11.9.09

Fixing the Sidewalks


[Markings appeared on the sidewalks, little drips of paint. Apparently there was something wrong with this slab.]


A while back these little white arrows started appearing on the sidewalks in Northeast Minneapolis. Little arrows on the concrete, little dots of white paint appearing every once in a while as you walked down the block.

These kinds of markings often crop up on the streets, some sort of mysterious code, engineering graffiti, colorful kinds of signs turning the streets into a hierogryphic palimpsest. But you rarely, almost never, see these markings on the sidewalks. Sidewalks are for chalk and hopscotch...

Then, one morning I awoke to the loudest cacophony of jackhammers and diesel and truck-backing-up-beeping and the sidewalks were gone! They'd been sawed at and chopped up and hauled away and holes appeared. You could see the sandy beach beneath the streets, the dirt and tree roots that form the real foundation for our footsteps.

The workers worked quickly, digging up and pouring concrete. It only took them a day or two to finish the few blocks that I watched.

[The dirt underneath Minneapolis sidewalks.]


[Pouring the new sidewalks.]

I can't actually find the section in the Minneapolis City Code where they talk about how large a gap there can officially be between the paving blocks. Officially, I remember reading once that the city has to keep sidewalks level to a certain degree, and every once in a while they obviously go around measuring the cracks in concrerte, and then fixing them.

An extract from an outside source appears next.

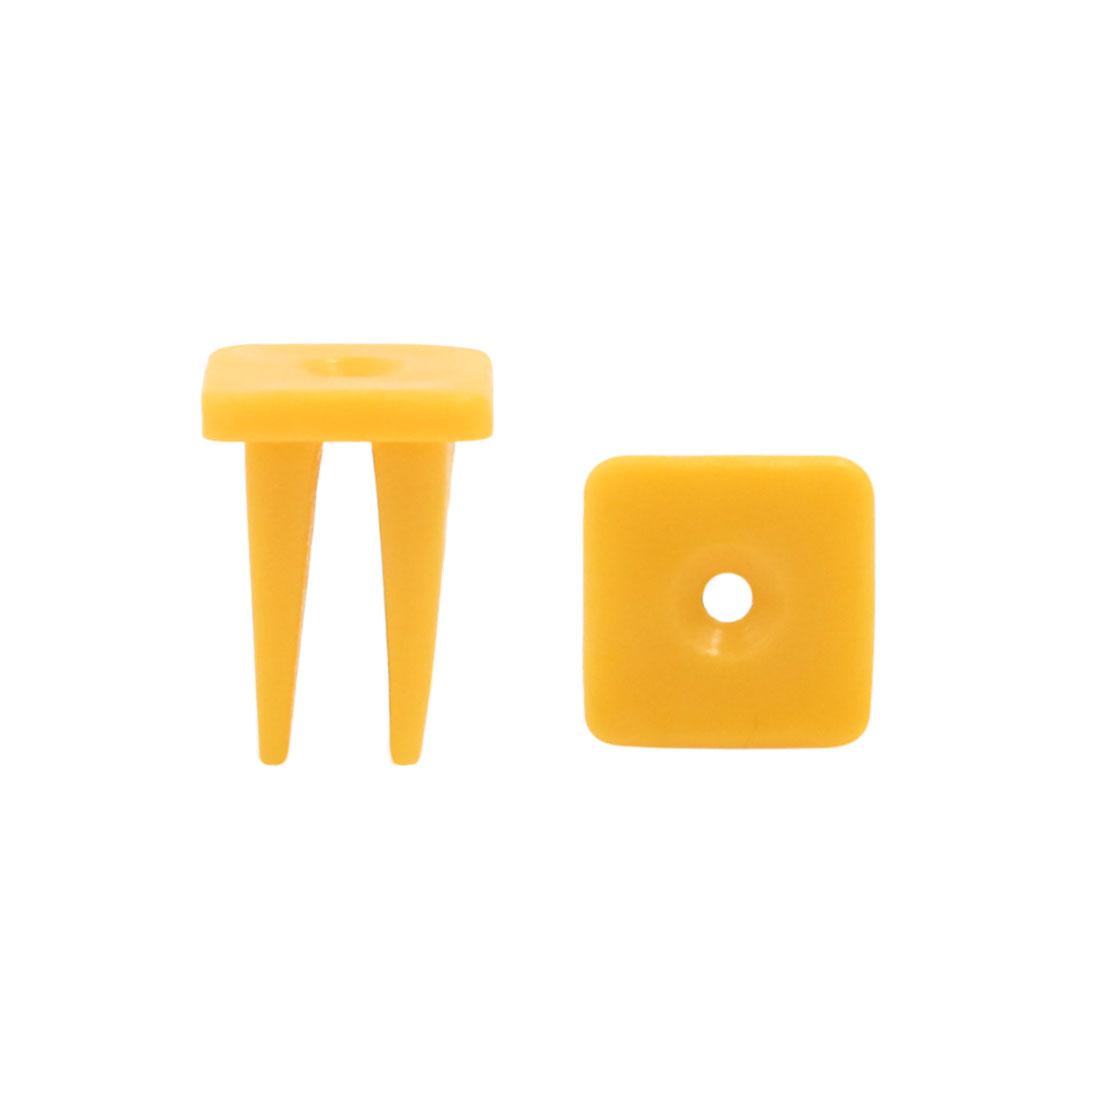 100Pcs Yellow Plastic Rivet Door Trim Panel Hood Moulding Clips 8 x 8mm for Car

I'm not sure what the assessment is, but I'm sure its expensive. Despite my concern for sidewalks, I don't actually care that much about what they actually look like. Whether or not a sidewalk is good or bad, or worth walking on, has little to do with what sort of material it is. The sidewalks of Prague are some of the best in the world, but their cobblestones are terrible for walking (or so I've heard). In my opinion, apart from disability access, there's little reason to go around spending fixing sidewalks may have risen 3/4 of an inch.

Anyway, It's interesting to see sidewalks being poured. I resisted the urge to place my hand or write my name in the wet concrete.